§ Directions for this task
Copy out each line below exactly as it appears.

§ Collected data
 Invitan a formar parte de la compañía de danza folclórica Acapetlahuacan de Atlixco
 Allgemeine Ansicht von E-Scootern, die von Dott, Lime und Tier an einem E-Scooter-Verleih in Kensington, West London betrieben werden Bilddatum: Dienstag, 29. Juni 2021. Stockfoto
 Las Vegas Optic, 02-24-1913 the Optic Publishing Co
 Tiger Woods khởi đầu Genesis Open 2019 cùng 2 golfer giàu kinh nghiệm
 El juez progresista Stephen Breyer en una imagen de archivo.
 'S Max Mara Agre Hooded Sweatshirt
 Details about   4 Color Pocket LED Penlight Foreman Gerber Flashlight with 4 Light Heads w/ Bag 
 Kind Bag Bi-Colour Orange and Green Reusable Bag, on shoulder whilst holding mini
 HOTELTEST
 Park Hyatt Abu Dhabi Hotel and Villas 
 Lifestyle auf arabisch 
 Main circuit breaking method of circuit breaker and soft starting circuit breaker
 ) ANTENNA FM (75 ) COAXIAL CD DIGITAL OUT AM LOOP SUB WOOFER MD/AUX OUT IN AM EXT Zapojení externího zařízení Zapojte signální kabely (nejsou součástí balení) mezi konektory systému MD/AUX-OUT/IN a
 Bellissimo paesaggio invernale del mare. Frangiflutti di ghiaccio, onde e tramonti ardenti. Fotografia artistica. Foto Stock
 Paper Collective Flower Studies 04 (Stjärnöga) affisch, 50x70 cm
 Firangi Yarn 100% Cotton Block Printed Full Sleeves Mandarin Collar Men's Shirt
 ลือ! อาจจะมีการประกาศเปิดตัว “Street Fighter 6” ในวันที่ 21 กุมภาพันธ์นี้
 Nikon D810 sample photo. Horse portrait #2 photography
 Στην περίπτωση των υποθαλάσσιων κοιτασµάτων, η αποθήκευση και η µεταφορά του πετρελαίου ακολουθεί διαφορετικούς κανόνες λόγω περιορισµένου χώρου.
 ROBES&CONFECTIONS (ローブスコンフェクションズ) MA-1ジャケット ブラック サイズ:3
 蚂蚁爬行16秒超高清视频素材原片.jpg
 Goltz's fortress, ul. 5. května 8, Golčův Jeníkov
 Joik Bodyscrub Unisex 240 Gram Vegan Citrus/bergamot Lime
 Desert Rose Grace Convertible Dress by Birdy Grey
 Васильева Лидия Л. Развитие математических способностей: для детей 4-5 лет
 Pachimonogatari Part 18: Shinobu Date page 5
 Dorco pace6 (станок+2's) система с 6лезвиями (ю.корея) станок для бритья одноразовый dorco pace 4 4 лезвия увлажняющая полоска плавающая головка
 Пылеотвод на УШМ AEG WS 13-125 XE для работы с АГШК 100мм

§ Written answer
 Invitan a formar parte de la compañía de danza folclórica Acapetlahuacan de Atlixco
 Allgemeine Ansicht von E-Scootern, die von Dott, Lime und Tier an einem E-Scooter-Verleih in Kensington, West London betrieben werden Bilddatum: Dienstag, 29. Juni 2021. Stockfoto
 Las Vegas Optic, 02-24-1913 the Optic Publishing Co
 Tiger Woods khởi đầu Genesis Open 2019 cùng 2 golfer giàu kinh nghiệm
 El juez progresista Stephen Breyer en una imagen de archivo.
 'S Max Mara Agre Hooded Sweatshirt
 Details about   4 Color Pocket LED Penlight Foreman Gerber Flashlight with 4 Light Heads w/ Bag 
 Kind Bag Bi-Colour Orange and Green Reusable Bag, on shoulder whilst holding mini
 HOTELTEST
 Park Hyatt Abu Dhabi Hotel and Villas 
 Lifestyle auf arabisch 
 Main circuit breaking method of circuit breaker and soft starting circuit breaker
 ) ANTENNA FM (75 ) COAXIAL CD DIGITAL OUT AM LOOP SUB WOOFER MD/AUX OUT IN AM EXT Zapojení externího zařízení Zapojte signální kabely (nejsou součástí balení) mezi konektory systému MD/AUX-OUT/IN a
 Bellissimo paesaggio invernale del mare. Frangiflutti di ghiaccio, onde e tramonti ardenti. Fotografia artistica. Foto Stock
 Paper Collective Flower Studies 04 (Stjärnöga) affisch, 50x70 cm
 Firangi Yarn 100% Cotton Block Printed Full Sleeves Mandarin Collar Men's Shirt
 ลือ! อาจจะมีการประกาศเปิดตัว “Street Fighter 6” ในวันที่ 21 กุมภาพันธ์นี้
 Nikon D810 sample photo. Horse portrait #2 photography
 Στην περίπτωση των υποθαλάσσιων κοιτασµάτων, η αποθήκευση και η µεταφορά του πετρελαίου ακολουθεί διαφορετικούς κανόνες λόγω περιορισµένου χώρου.
 ROBES&CONFECTIONS (ローブスコンフェクションズ) MA-1ジャケット ブラック サイズ:3
 蚂蚁爬行16秒超高清视频素材原片.jpg
 Goltz's fortress, ul. 5. května 8, Golčův Jeníkov
 Joik Bodyscrub Unisex 240 Gram Vegan Citrus/bergamot Lime
 Desert Rose Grace Convertible Dress by Birdy Grey
 Васильева Лидия Л. Развитие математических способностей: для детей 4-5 лет
 Pachimonogatari Part 18: Shinobu Date page 5
 Dorco pace6 (станок+2's) система с 6лезвиями (ю.корея) станок для бритья одноразовый dorco pace 4 4 лезвия увлажняющая полоска плавающая головка
 Пылеотвод на УШМ AEG WS 13-125 XE для работы с АГШК 100мм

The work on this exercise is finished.